Letters to the Editor

Letters from Dec. 29, 2007

Feedback

Poor Jack

Poor Jack spent an incredible amount of money trying to get elected to the “junior” (Jack’s reference!) county commissioner position, and lost by an overwhelming vote of the voters. Please Jack, get over it already, you lost the election!

JOYCE MERKEL

Silverdale

Giving

What would Jesus do?

’Tis the season to be giving. This sometimes gets confused to “receiving.” This happens so easily when we are continuously bombarded by modern day advertising. “Receiving” may in fact be proper. This brings to mind the simple question, “What would Jesus do?”

Recently there have been serious fires in California where many people lost all they had. Some may have been rich, but definitely there were some who were not. And more recently there has been severe flooding in Washington and Oregon. Many folks lost all they had to the flood waters, and even worse, some lost not only what they had, but their very livelihood —farms, dairies, etc..

You may even know some of the folks who lost much.
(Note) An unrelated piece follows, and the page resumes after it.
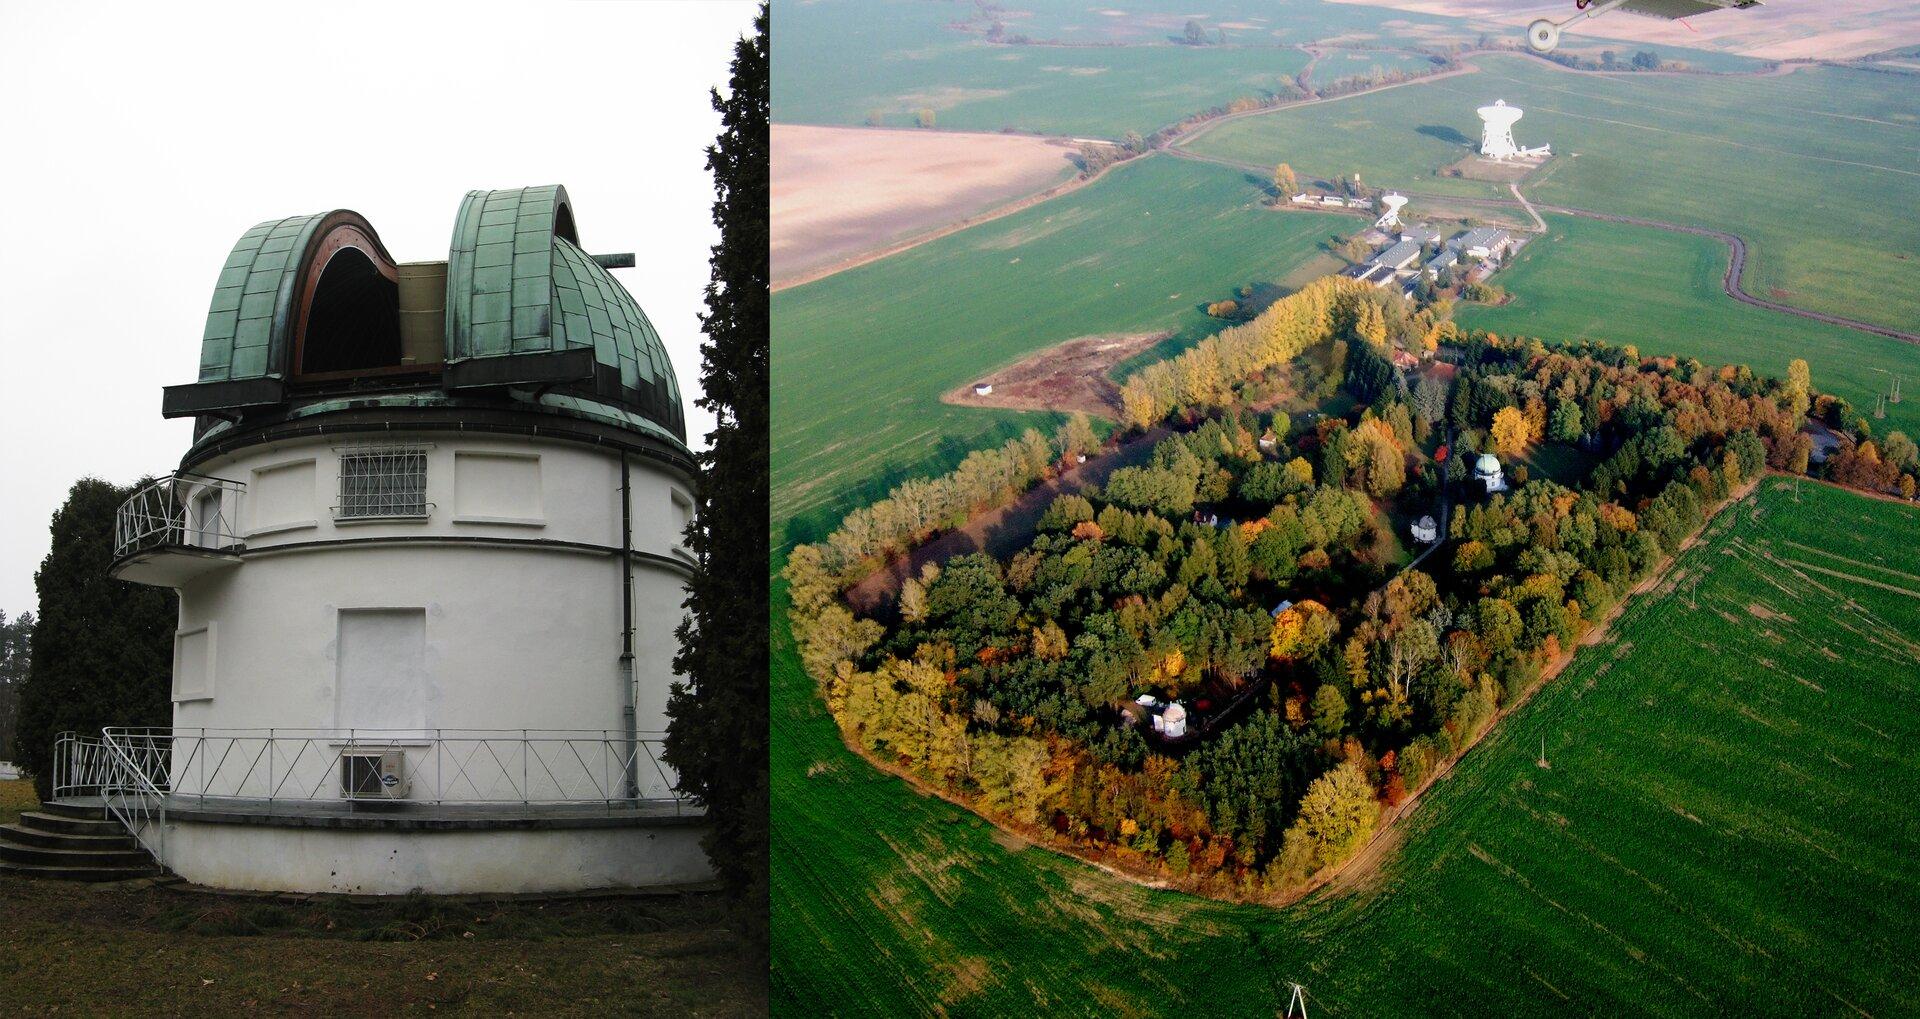 Fotografia po lewej stronie prezentuje budynek obserwatorium oowalnym kształcie zwieńczony rozsuwaną kopułą, przez którą wystaje teleskop. Obok zdjęcie wykonane zwysokości, na którymi widać prostokątny zadrzewiony teren otoczony dookoła polami. Wśrodku terenu widoczne budynki dwóch obserwatoriów.

Now comes the question of what can we do? And the question, “What would Jesus do?”

Individually we may feel stymied, but collectively this can be easily handled.

Have you heard an appeal from the pulpit of the church you attend to contribute to a fund to help these poor folks? The fire and flood victims? Or is your church involved in a modernization/renovation project which has somehow precluded bringing up from the pulpit, “giving to help the less fortunate?” Is that church project really urgently needed, or could that project be put on hold and funds (or at least some of the funds) for that project be used to help those who have lost so much? Or looking at this another way, “How many people would love to have a church such as the one you now worship in? Without any renovation?” Would they find it adequate to meet their spiritual needs? Those are questions which come up especially at this time of the year. To me, frills are not needed for worship — just the basics are all that are needed for worship.

I think that is probably in keeping with the parable of the “good steward.” Certainly no one plans on catastrophes such as the fires and the floods. Many may have been living close to their meager means, and now they are totally devastated. To me that parable of the “good steward” is really not about contributing, but rather about “proper handling and distribution” of what is received. Which on more thought seems to say that those who receive contributions must “properly use those contributed funds.” To me that pertains especially to the churches — that any money contributed is used properly for a good end. Helping the fire and flood victims certainly would be a good use.

Which brings up the question again, “What would Jesus do?”

PAUL DRNJEVIC

Bremerton

2008 resolutions

Restore civil public debate

In the year 2007 we, as a nation, have achieved a new low level of personal disrespect and incivility. Open discussion of community and political issues has resulted in a descent into personal attacks and demonization of those offering contrary positions or ideas. We no longer engage in debate. We minimize or destroy by invective. We move further away from the basic foundation of our country and the rules we made for ourselves to live by.

As a common 2008 resolution for all citizens, I propose the following:

In January 2008 we will read again the Declaration of Independence to recapture the essence of the American experiment.

In January 2008 we will re-read the U.S. Constitution and the Washington Constitution to regain understanding of the limited power and authority that “We the people” delegated to our government.

We will reinforce that our “unalienable rights” were bestowed upon us by our creator, that government has no rights, only the powers we delegate to it, and that the primary function of government is to protect the rights of each individual.

If we can restore our understanding and belief in those basic documents, we can restore civil public debate, the cornerstone of American greatness.